Утешение в дороге — страница 26 из 36

– Да?

– А что будет с хрюшками?

– В смысле?

– Я имею в виду, это же твои свиньи?

– Нет. Я просто везу их на своей машине.

– И куда везешь?

– Как я и сказал. В Лампетер.

– Да, но, когда они туда доберутся, что будет потом?

– А, понял. – Кирк хлопнул ладонью по рулю и рассмеялся. – Ты из тех защитников прав животных?

– Просто любопытно. Я имею в виду, они для отбивных или чего-то еще?

– Эта партия направляется на свиноферму, – сказал он. – Насколько я знаю, они предназначены для разведения.

– Разведения?

– Ага. Так что можешь не волноваться, дорогая. К вечеру они будут кататься как сыр в масле. Валяться в грязи. Жевать желуди.

– Это здорово. Ты меня успокоил.

Я решила, что, возможно, он лучше, чем выглядит. Меня больше не тревожила обнаженная фигура в леденце. Я просто думала об этих свиньях и о том, что они в безопасности, так же как и я, пусть даже и в драндулете, потому что никто, никто не знает, где я. Мы ехали молча, рассекая лужи, оставленные дождем. Горы становились все выше и утопали в густой дымке, так что невозможно было различить ни деревьев на склонах, ни вершин. Они возникали из ниоткуда, словно голубые призраки.

Мы проехали мимо старого каменного паба, освещенного рождественскими огнями. Мне не приходилось видеть такое средь бела дня, да еще в июне. Помню, Майко однажды сказал, что бедные вывешивают рождественские гирлянды пораньше, потому что живут надеждой, а богатые не торопятся и делают это перед самым Рождеством, потому что их надежды уже сбылись. Должно быть, люди в том пабе совсем отчаялись, подумала я.

Мы проезжали Брекон, и я сидела, положив руки на «ящерку», поглаживая мамин янтарь.

– Красивое кольцо. – Кирк бросил взгляд в мою сторону.

«За такое кольцо и палец отрубят».

– Да, ерунда, стекляшка, – беспечно произнесла я. – Сюрприз из рождественского крекера.

– Счастливый попался крекер. А мне вечно достаются записочки с дурацкими загадками.

– Понимаю.

– Хочешь послушать самую глупую из всех, что я получил?

– Ну, давай, – сказала я.

– Что живет под водой и убивает русалок?

– Не знаю.

– Ну, подумай.

– Акула?

– Не-а.

– Кит?

– Это Джек-киппер[21]. – Кирк взревел, как матерый головорез, и в сочетании с внешностью Джека-потрошителя это производило не очень хорошее впечатление.

– Ужас, – прохрипела я.

От некоторых шуток действительно коробит. Взять хотя бы мою, про плакучие ивы. Черный юмор. Это напомнило мне одного странного мальчика из моего класса в школе, Макса. Он был настолько нелеп в своих шутках, понятных только ему одному. Старик Макс – такое прозвище приклеилось к нему из-за его голоса, как у диктора на радио Би-би-си. Мегачудик, лучший в классе по математике, он одевался, как могит пятьдесят лет назад. И знаете, какое у него было хобби? Бить в колокола. Вот именно. Это так старомодно и в то же время так круто. Я как-то сказала Каруне, что, может, нам всем пойти со Стариком Максом и тоже ударить в колокола. Она подумала, что я шучу, и посмеялась надо мной, но мне казалось, что, если мы с Максом и Каруной устроим колокольный перезвон по всему Южному Лондону, это будет нечто.
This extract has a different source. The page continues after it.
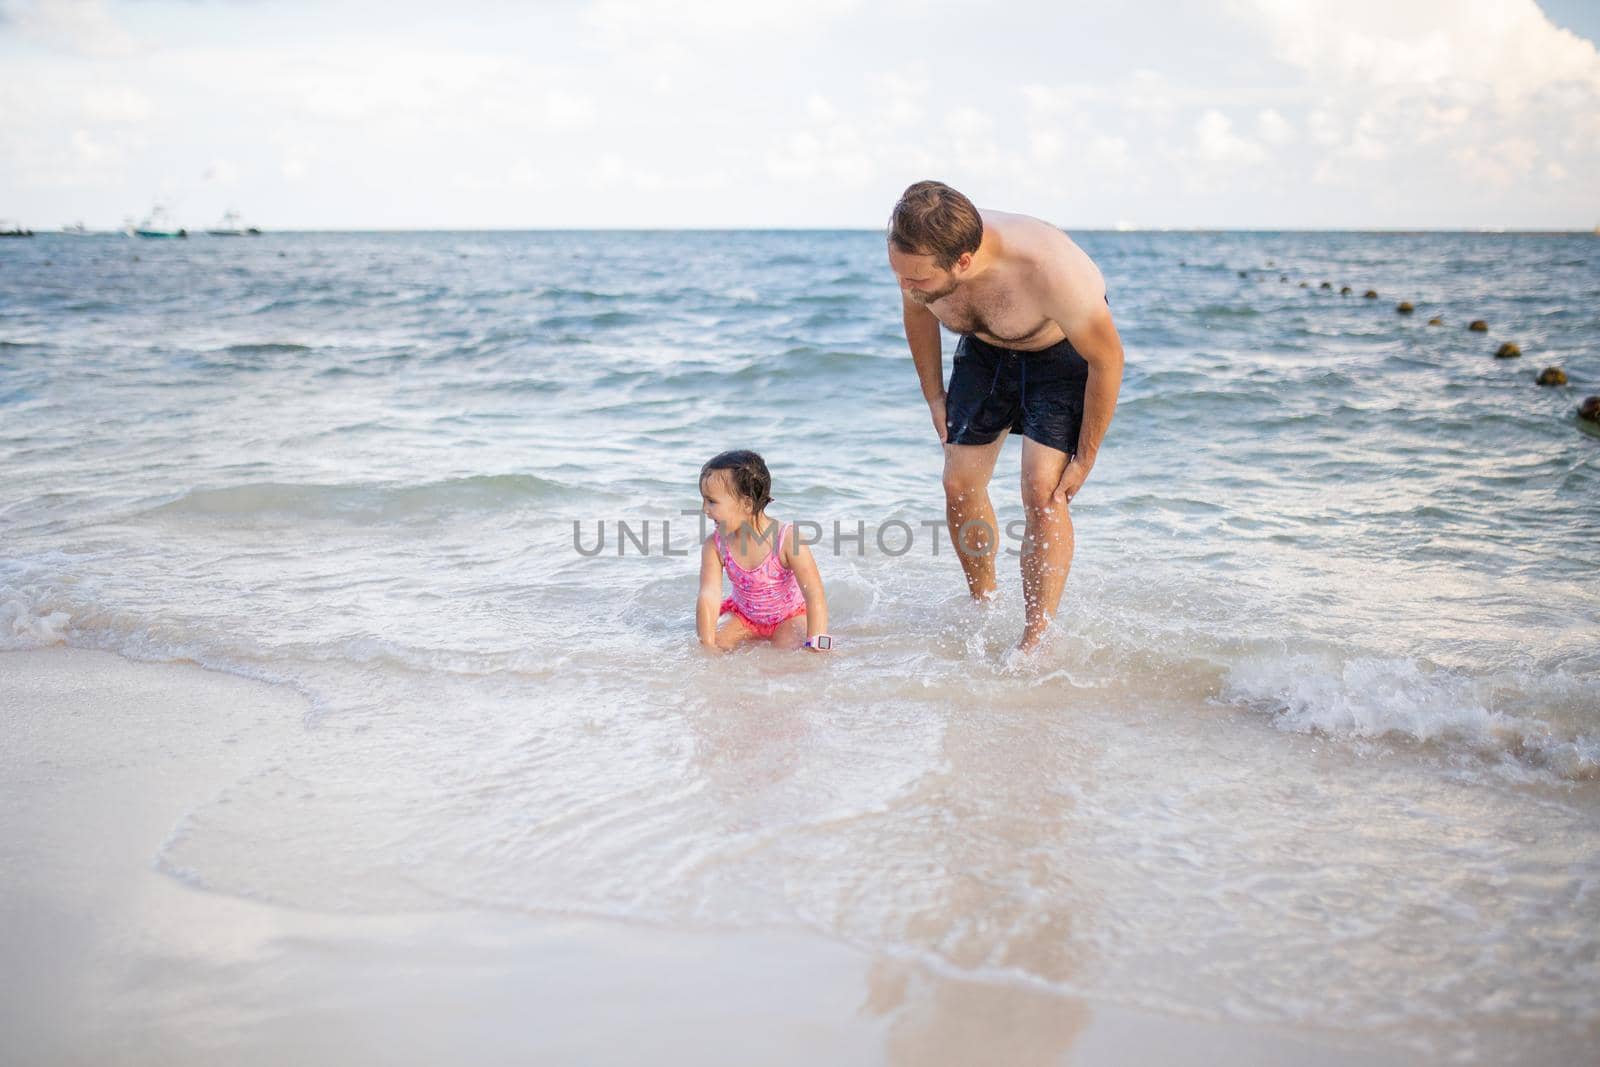 Happy father and young daughter joyfully playing in the water at the beach. Man and cute young child having fun in sea. Tropical summer vacations

Горы стали пониже. Дорога вихляла, и грузовик с живностью вместе с ней.

– Эти хрюшки, должно быть, уже летают, – сказала я, вцепившись в парик, когда нас подбросило.
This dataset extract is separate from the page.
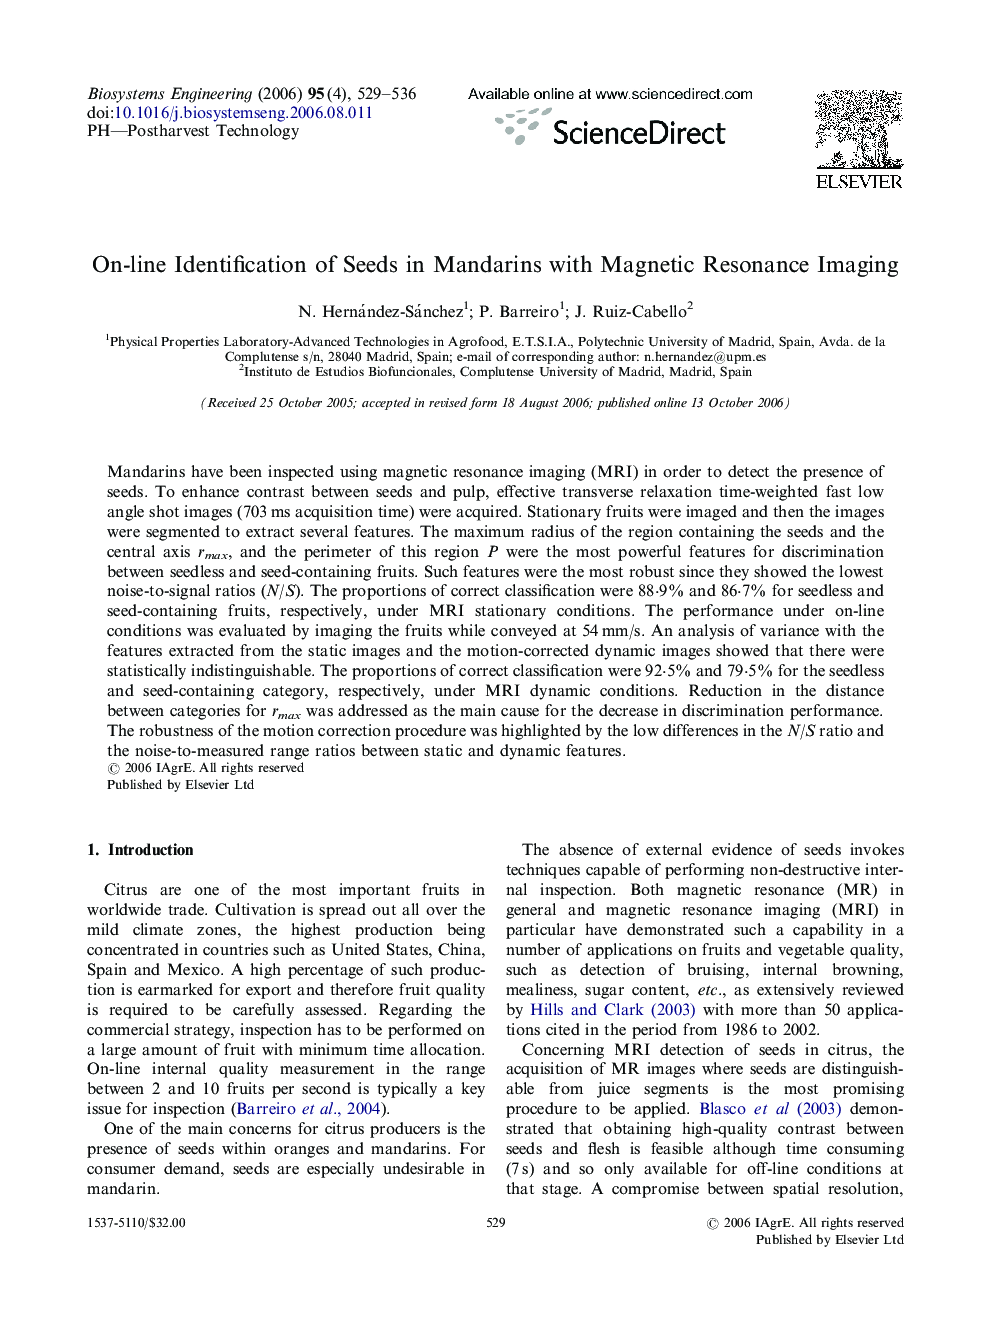 On-line Identification of Seeds in Mandarins with Magnetic Resonance Imaging

Белая разделительная полоса тянулась непрерывной линией, и на асфальте то и дело появлялась надпись:

МЕДЛЕННО

ARAF[22]

Я никак не могла сообразить, что такое ARAF. Может, эти буквы несли какой-то особый смысл? Скажем, предупреждали об ограничении скорости до 40 миль в час. Или о том, что все дороги смертельно опасны. Я услышала, как Майко вопит дурным панковским голосом: падая… падая…И тут до меня дошло. Мы же в Уэльсе, верно? Стало быть, ARAF по-валлийски означает «медленно». Вот тупица.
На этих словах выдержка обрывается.